Transcription factor TFAP2A drives EMT progress by activating BDKRB1 transcription: The potential mechanism by which TFAP2A promotes idiopathic pulmonary fibrosis.

Abstract

Epithelial-mesenchymal transition (EMT)-inducing signals trigger the accumulation of extracellular matrix, thereby contributing to organ pathology, including idiopathic pulmonary fibrosis (IPF). Transcription factor AP-2 alpha (TFAP2A) has been reported to facilitate the EMT process, but its function in IPF remain unknown. A mouse IPF model was established via single intratracheal instillation of bleomycin (BLM). Adenovirus carrying shRNA specifically targeting TFAP2A was administered 24 h prior to BLM challenge to achieve TFAP2A silencing. For in vitro studies, human bronchial epithelial cells (BEAS-2B) underwent lentivirus infection for 48 h to achieve TFAP2A silencing, followed by BLM treatment. We found that the expression of TFAP2A at both mRNA and protein levels was significantly upregulated in fibrotic lung tissue. TFAP2A knockdown alleviated BLM-induced lung injury and fibrosis, as evidenced by reduced collagen deposition and decreased expression of the fibrotic biomarkers α-SMA and Collagen I. Furthermore, TFAP2A silencing inhibited BLM-induced EMT in in the lungs of fibrotic mice, characterized by the upregulation of epithelial markers (Cytokeratin-8 and E-cadherin) and downregulation of mesenchymal markers (Fibronectin, Vimentin, and N-cadherin).
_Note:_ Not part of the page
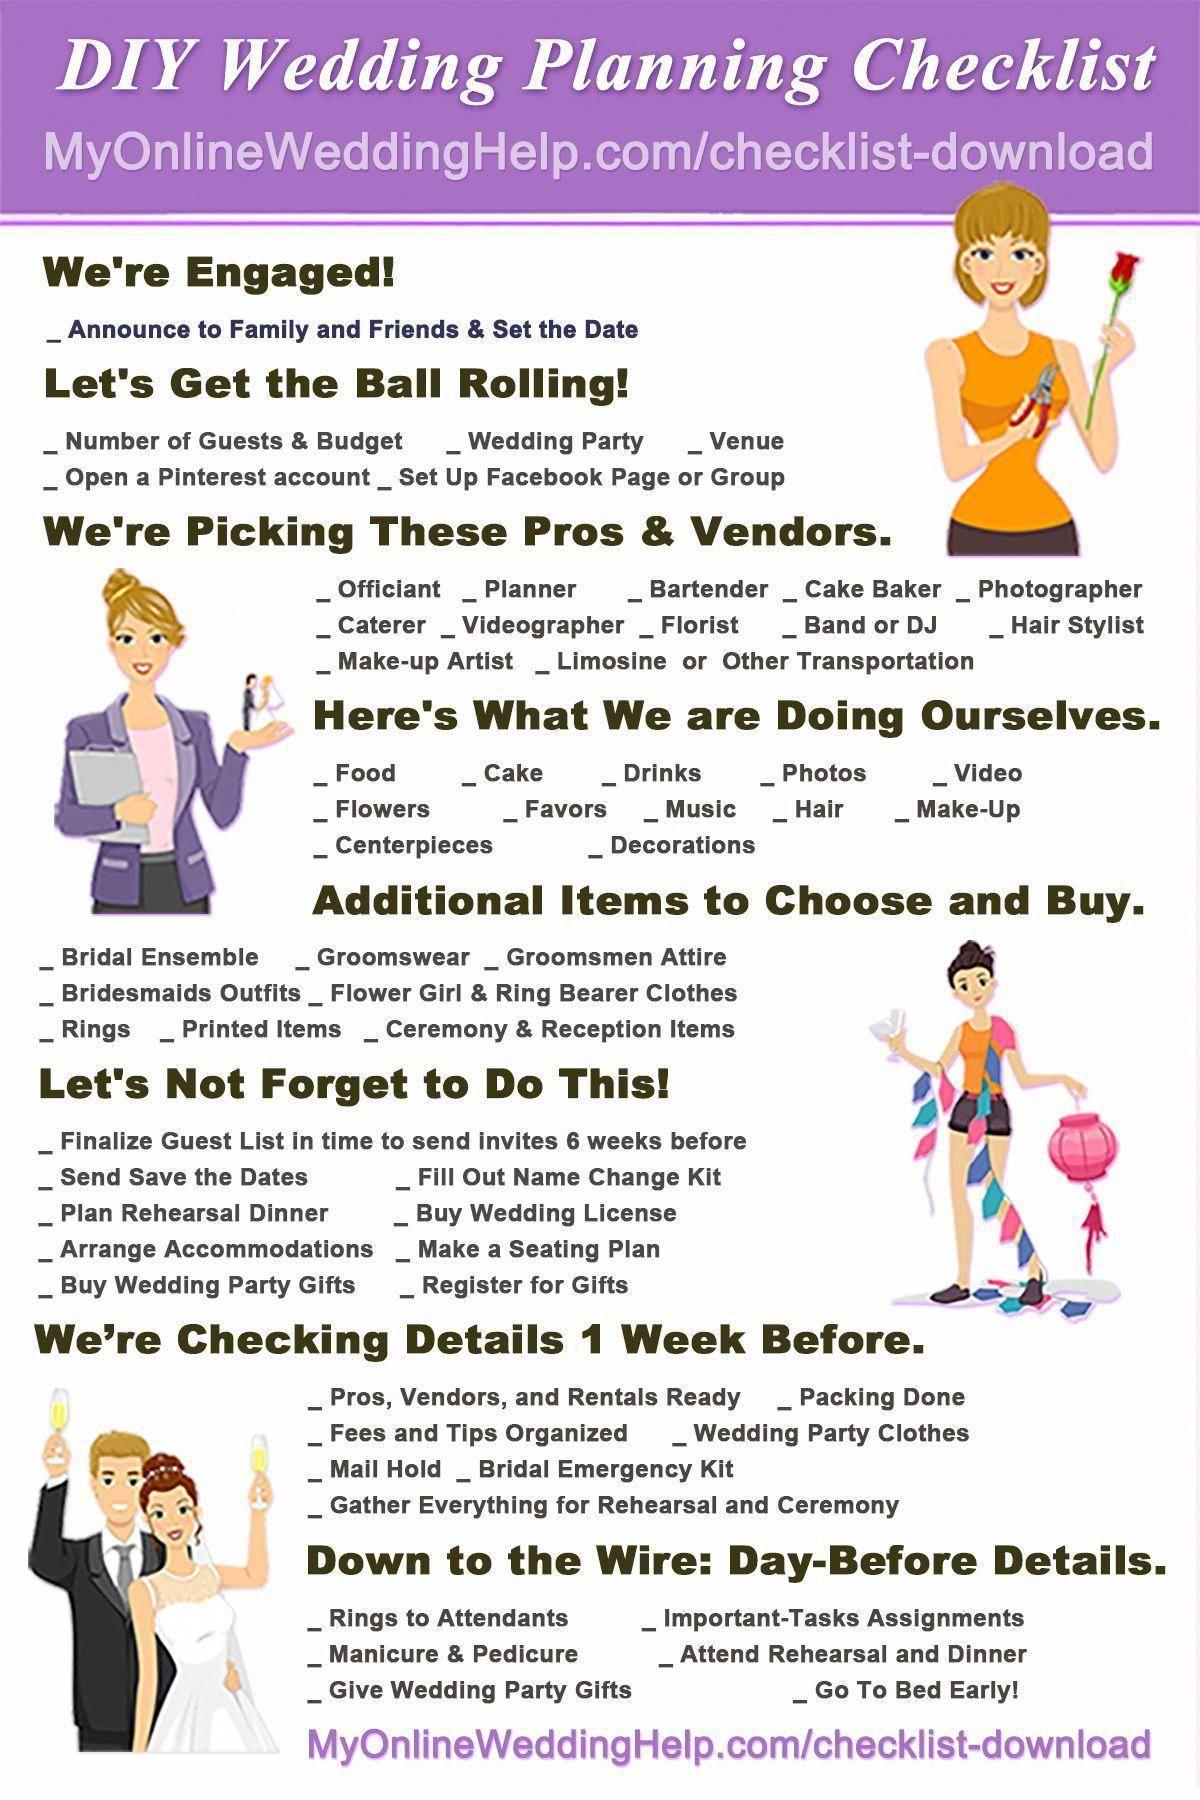 Free Printable Wedding Checklist Unlike Other Check Lists

In vitro assays demonstrated that BLM exposure increased α-SMA protein expression and promoted the EMT process in BEAS-2B cells, which were reversed by TFAP2A knockdown. Interestingly, TFAP2A significantly upregulated the RNA level of bradykinin receptor B1 (BDKRB1), a fibrosis-inducing factor. Mechanistically, TFAP2A activated BDKRB1 transcription by binding to the promoter of BDKRB1. Overexpression of BDKRB1 abrogated the protective effects of TFAP2A knockdown against lung fibrosis. Overall, our findings demonstrate that TFAP2A drives EMT progression and promotes IPF development by transcriptionally activating BDKRB1, identifying the TFAP2A/BDKRB1 axis as a potential therapeutic target in IPF.